What needs to be done: Leaving out the pictures, output the lines from the one that contains "NY Yankees Vintage" through the end of the material, exactly as they stand.

##### Collected material

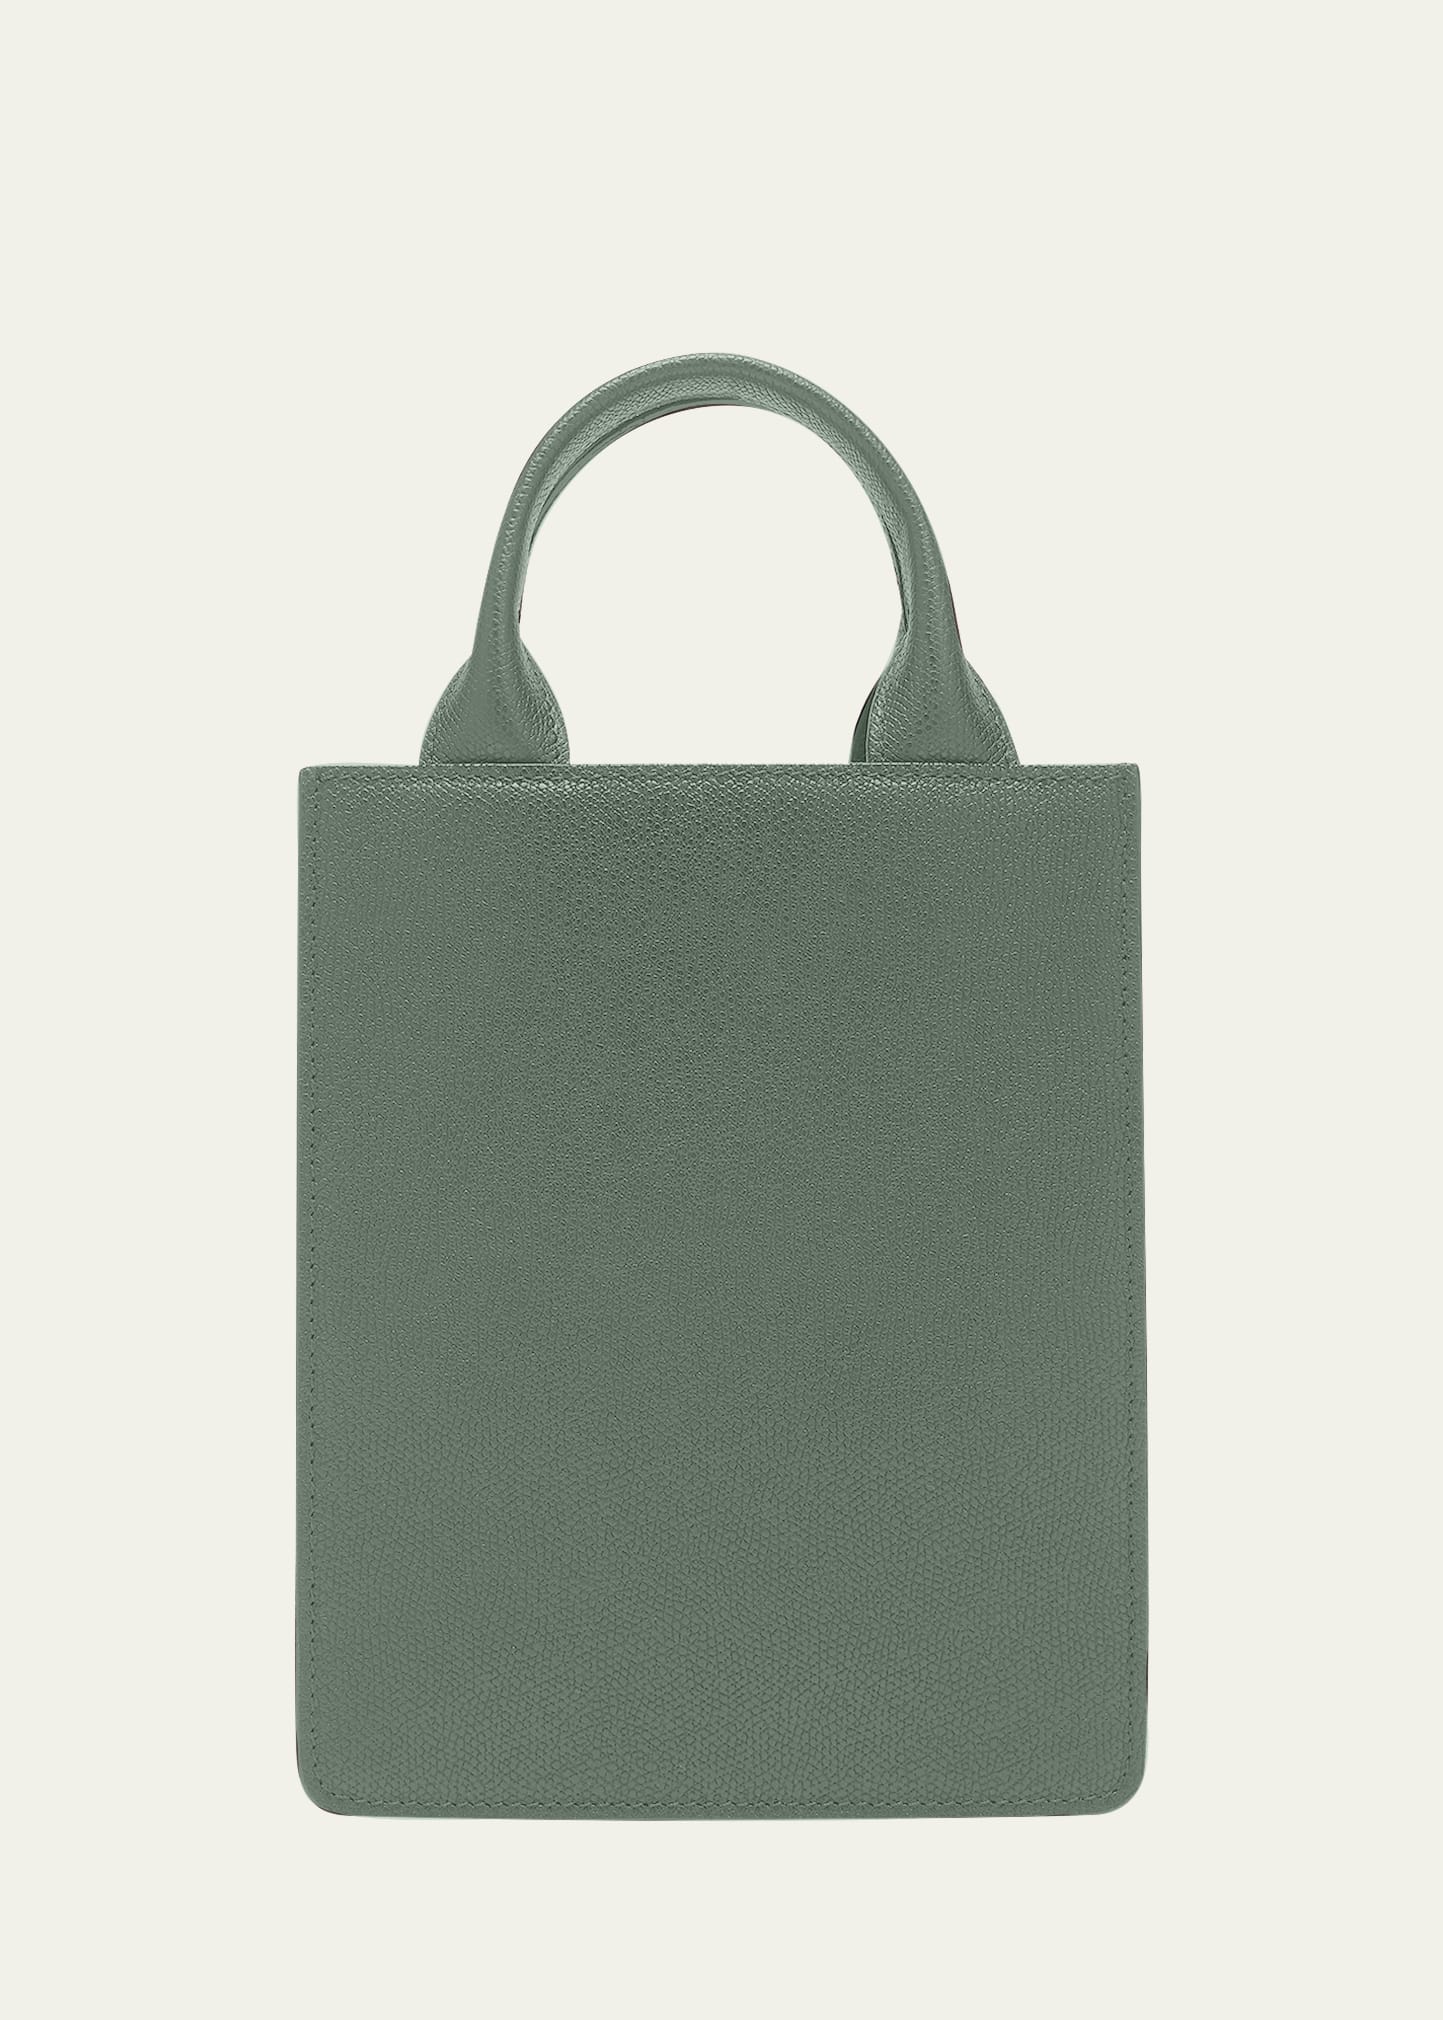 Mini Boxy Leather Top-Handle Bag
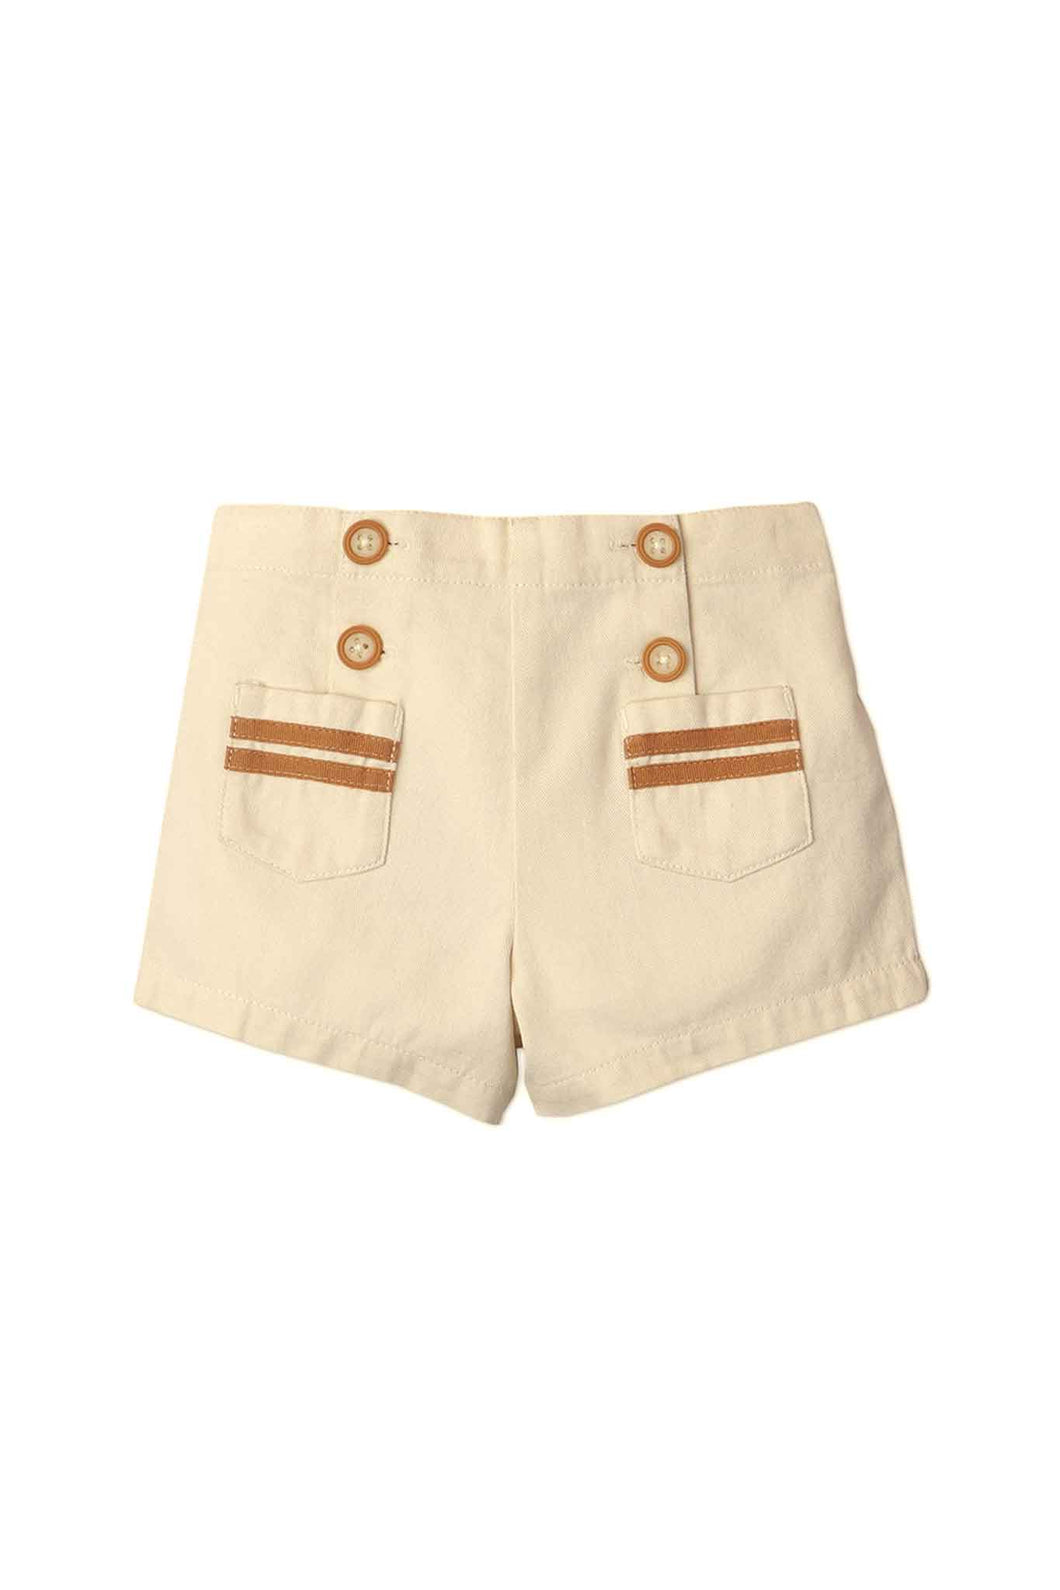 Gingersnaps Sailor Shorts with Pockets
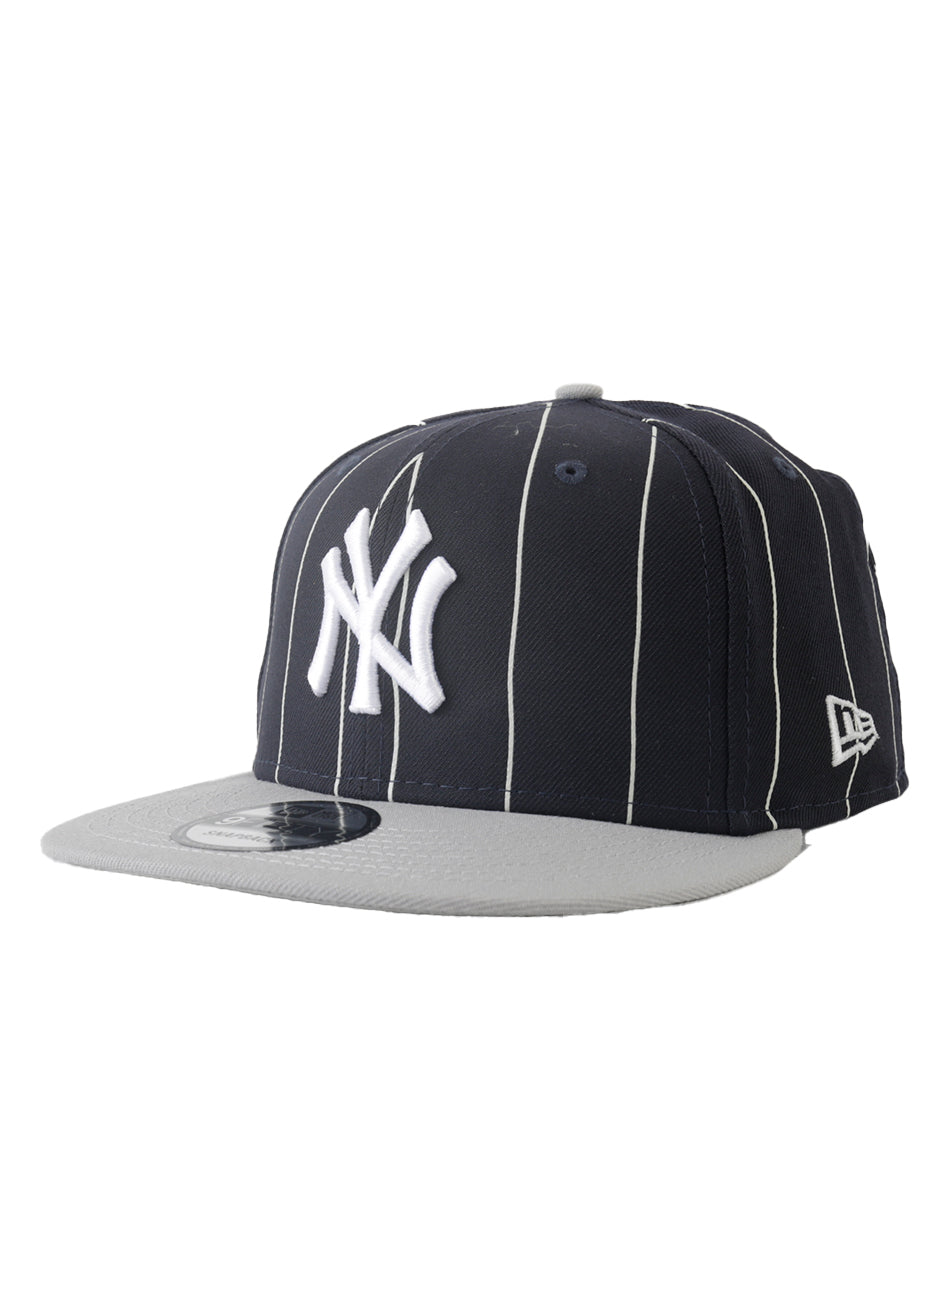 NY Yankees Vintage Pinstripe OTC 950 Snap-Back Hat - Wide
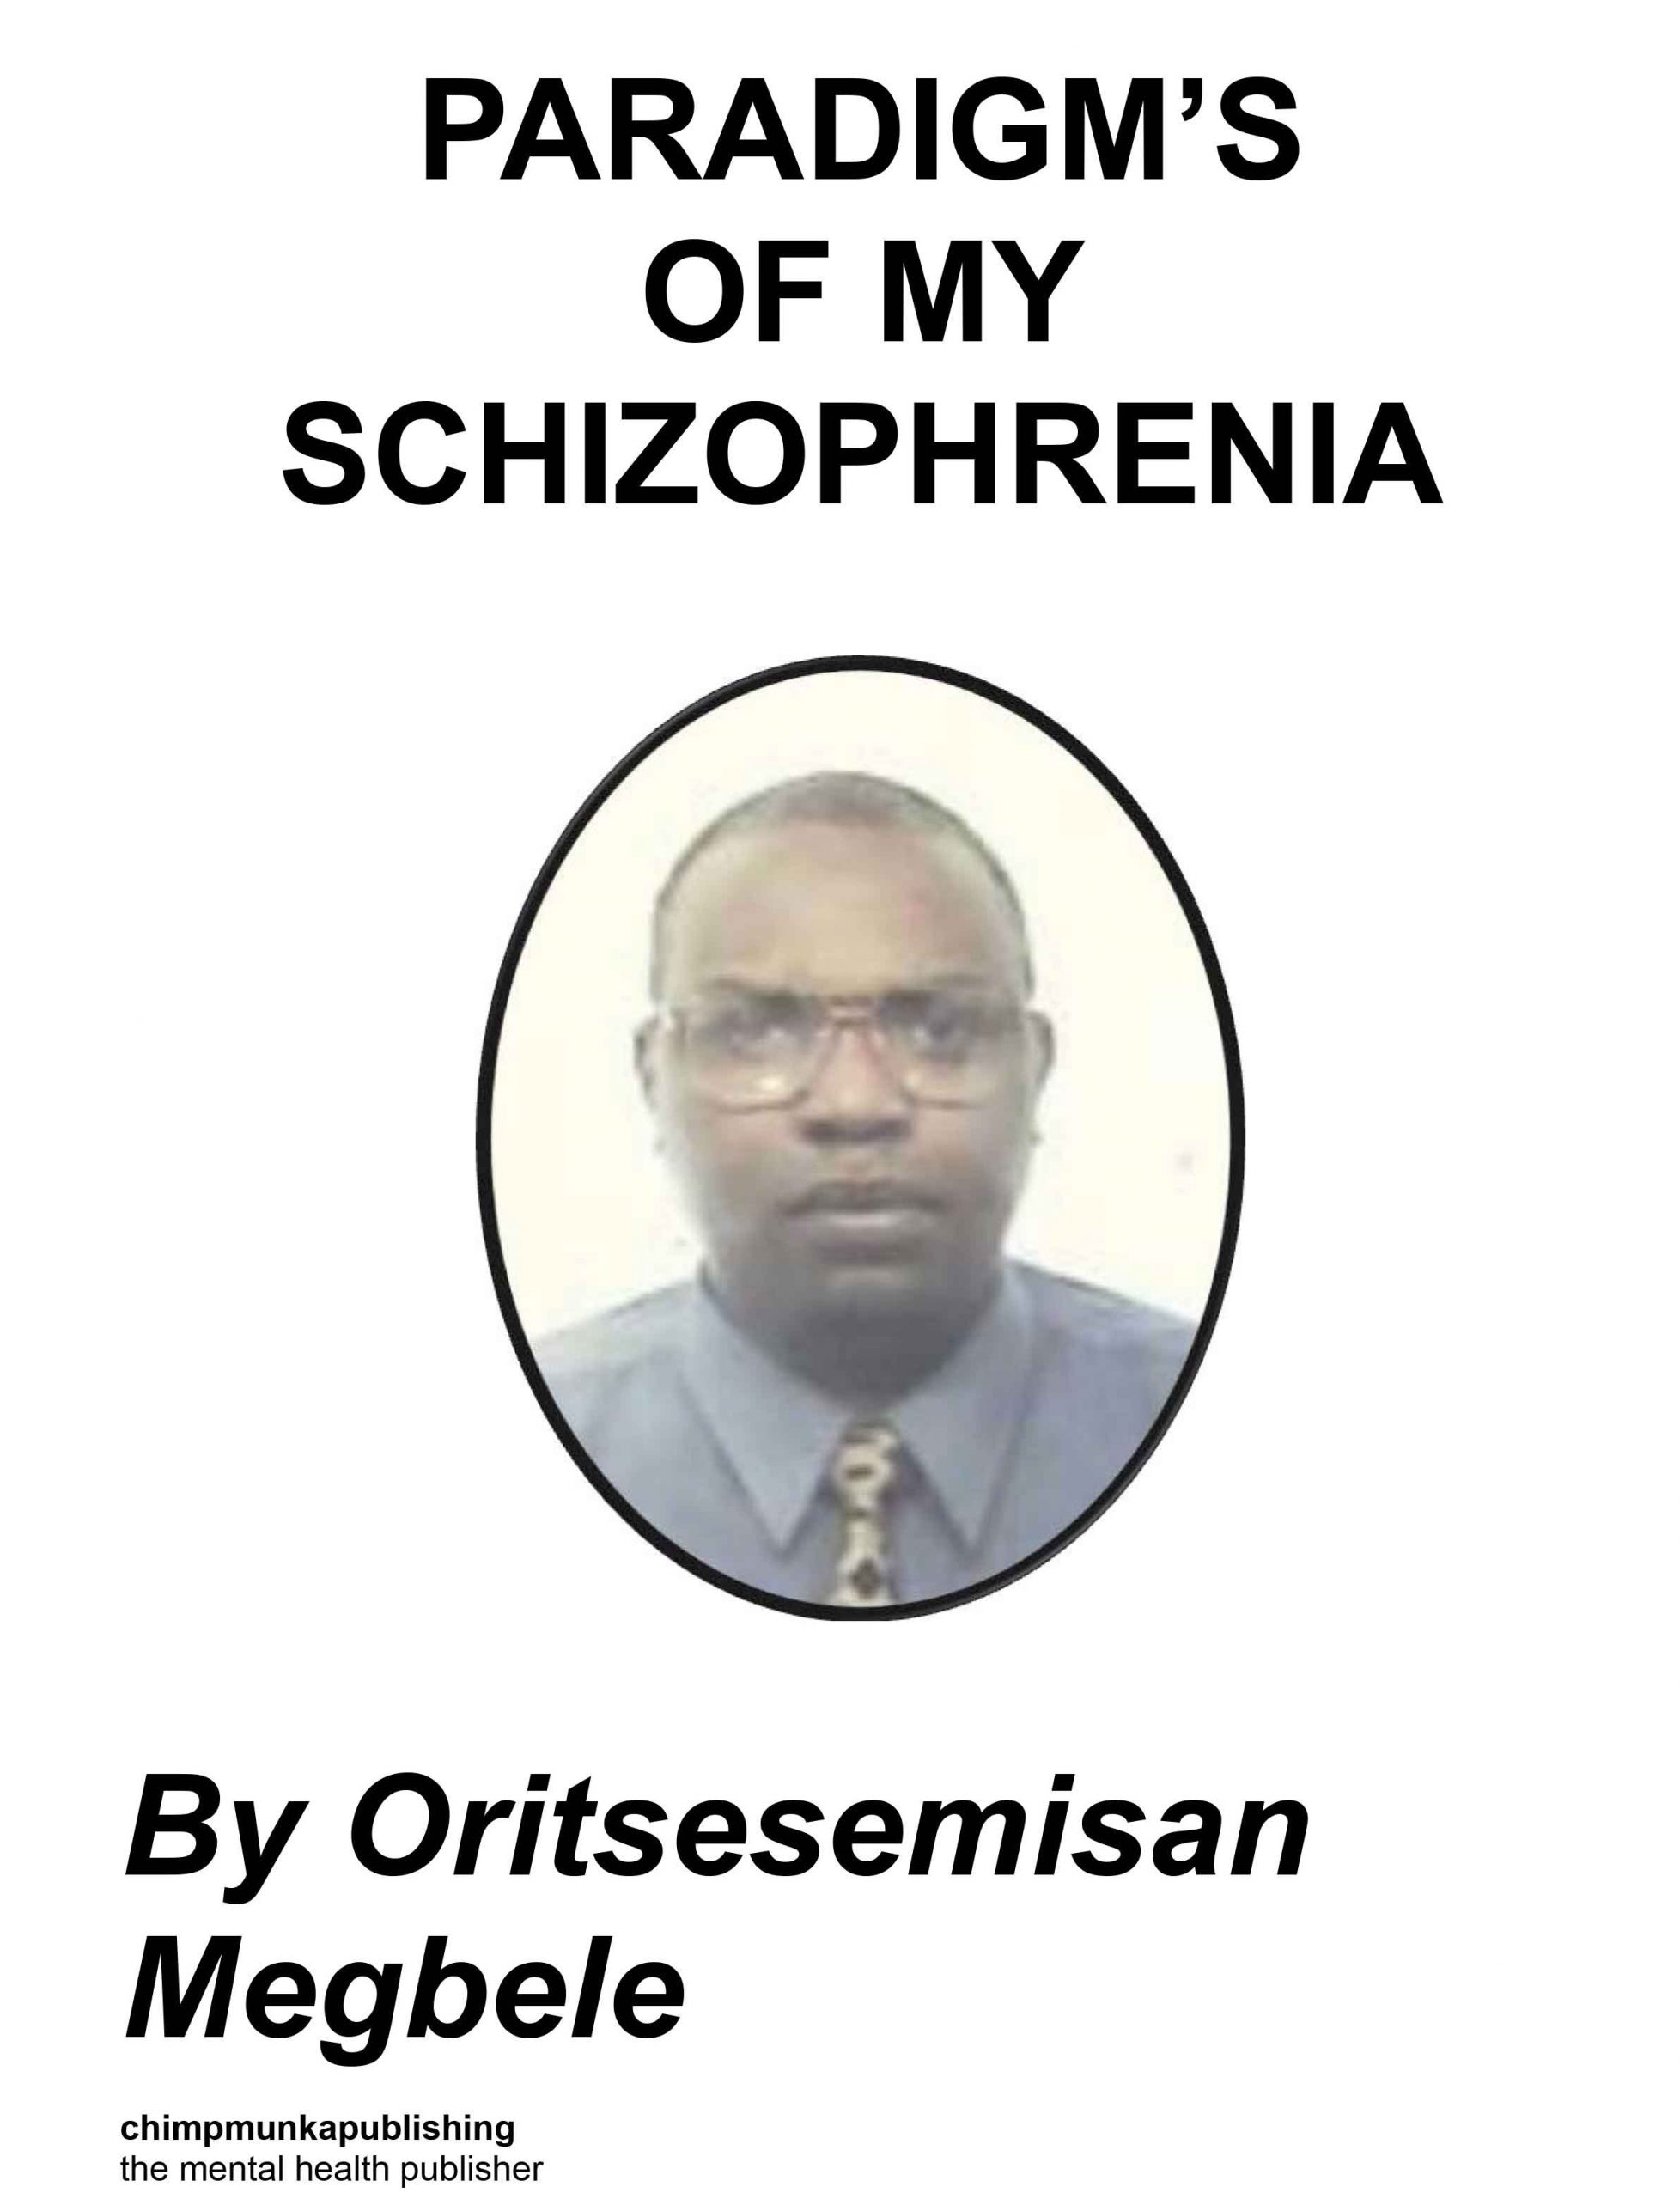 Paradigm's of my schizophrenia

##########

Your response:
 NY Yankees Vintage Pinstripe OTC 950 Snap-Back Hat - Wide
 Paradigm's of my schizophrenia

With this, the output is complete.